O hasta de sonreír frente a ella, como si la ternura que fluía de él te llevara a que nada pudiera
parecerte malo, ni siquiera lo que era inaceptable de miles de maneras, ni siquiera tu propia
indignidad.
Durante un largo tiempo, no dejó embarazada a nadie. Después se olvidó de ello. ¡Once hijos!
Era más acorde con su ceguera frente a las consecuencias de sus actos. O a su desposesión. Tal
vez esto sea más cierto que la ceguera. Rara vez he conocido a alguien menos preocupado por
tener nada; podía regalar cualquier cosa que estuviera en sus manos o vivir casi sin dinero.

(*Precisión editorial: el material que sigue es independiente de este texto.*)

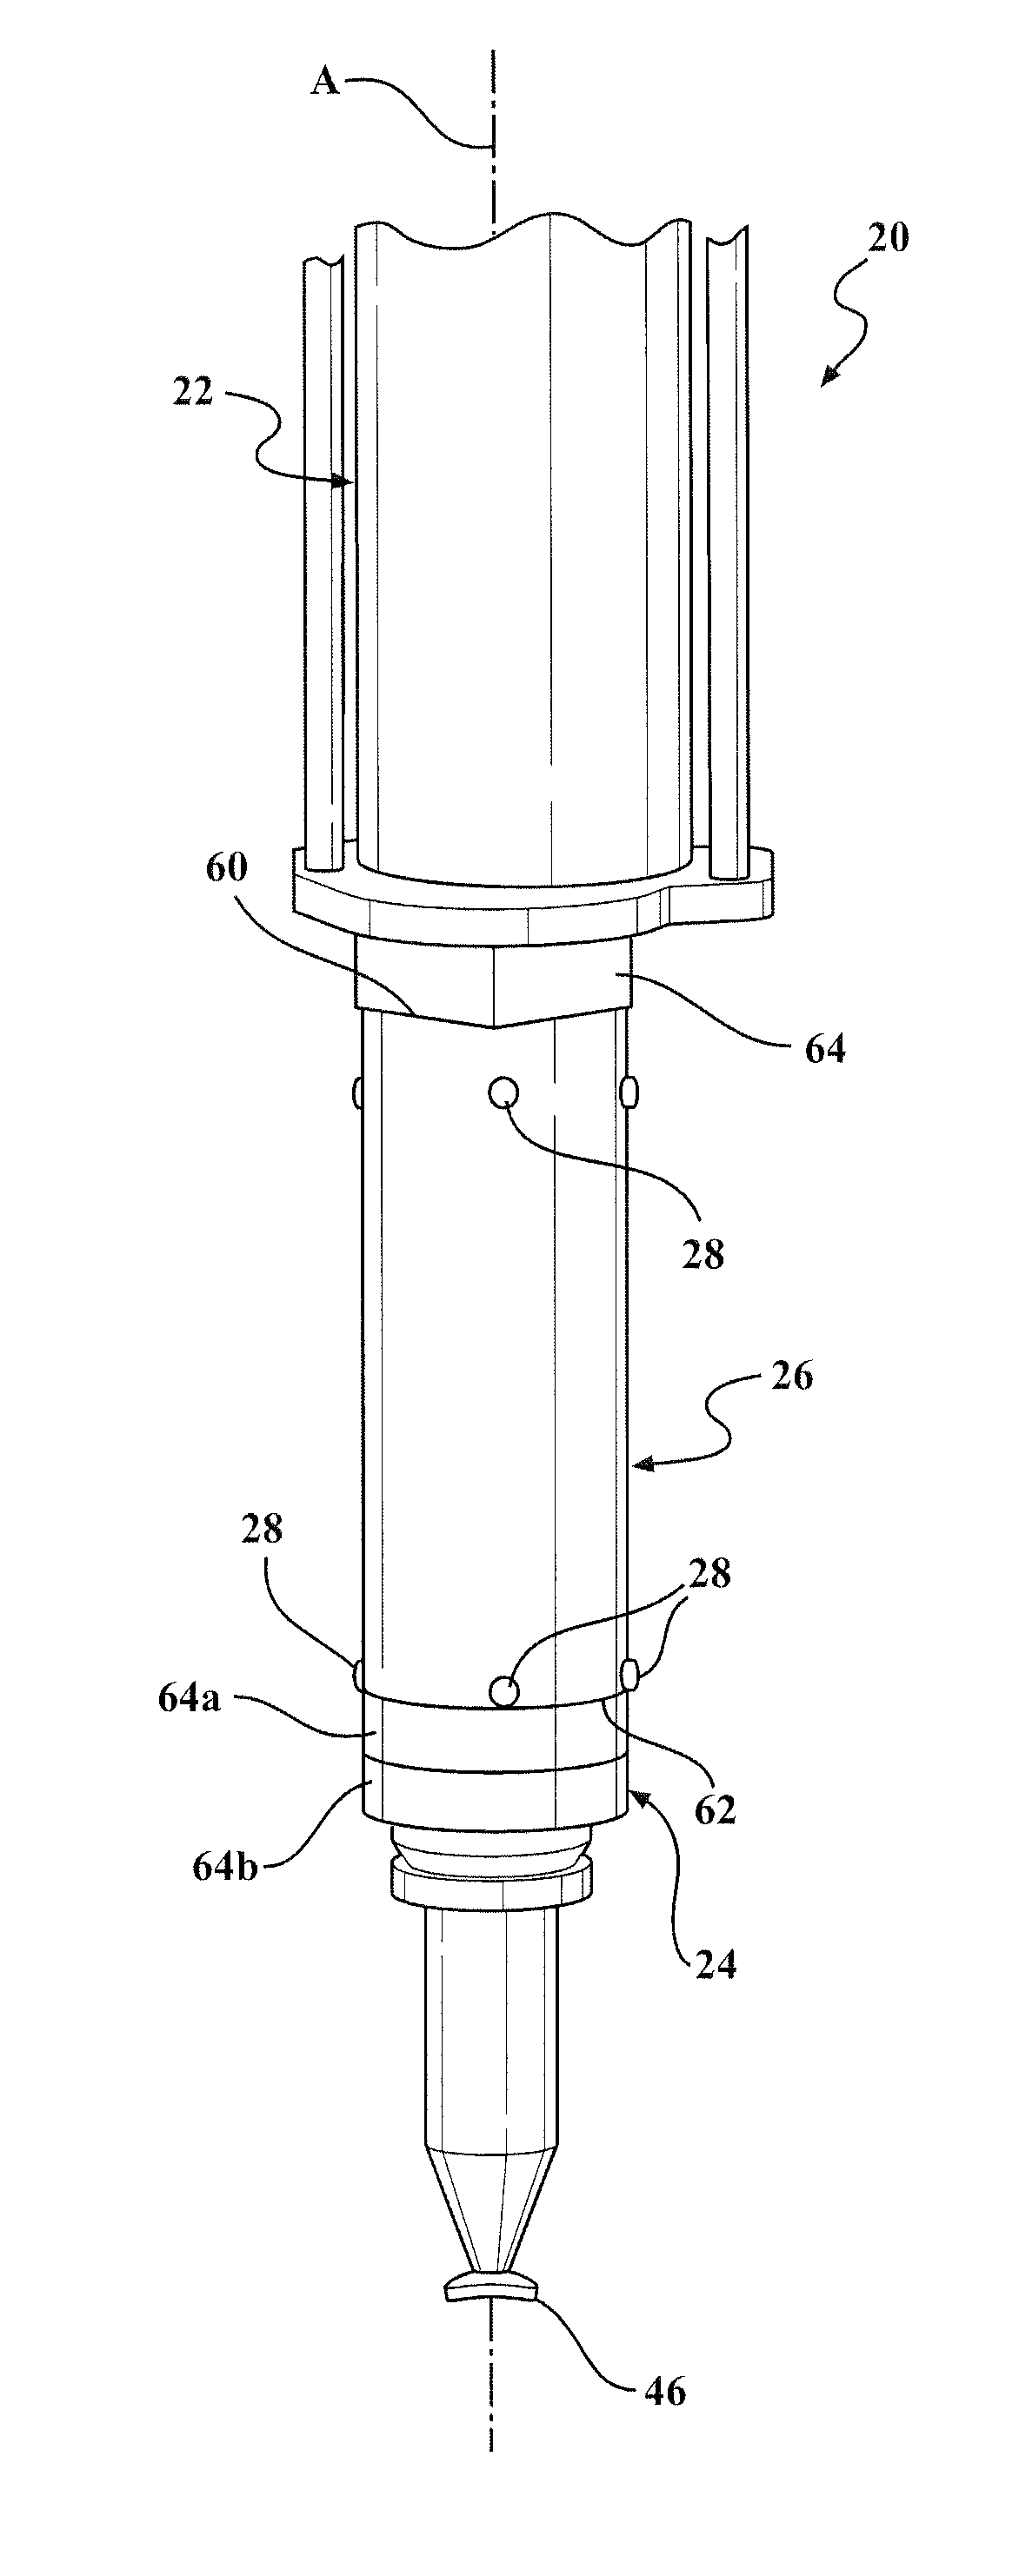 High voltage connection sealing method for corona ignition coil

Muchos años después llegué a pensar que no podía sentir nada como propio. Ni siquiera su
querer. Menos que nada su querer.
No pregunté de cuántas mujeres. Sé, con absoluta certeza, que sus once hijos debían provenir
de muchas historias. He tenido algunos otros amigos parecidos a él. Pero ninguno tan parecido
a lo más hondo de mis deseos y mis rechazos. Aunque no; más hondo fue el amor. Pero Pedro
era la imagen de todo lo que durante años sin fin me había impedido amar. Un espejo cuya
imagen sustituía el amor.
Al mirar a Sebastián, al abrazarlo en el cerco cálido de la mirada y la sonrisa conocedora de una
hermana, supe que él también, a su medida, padecía la misma dolencia. Más pequeña, ya casi
alejada de su vida, pero a sabiendas de que aún podía vencerlo y arruinar su felicidad de
ahora. Le dije sonriendo, sin temor a equivocarme: ― ¡No hagás vos tampoco macanas,
querido! Y si las hacés, ¡sacá rápido los pies de ahí!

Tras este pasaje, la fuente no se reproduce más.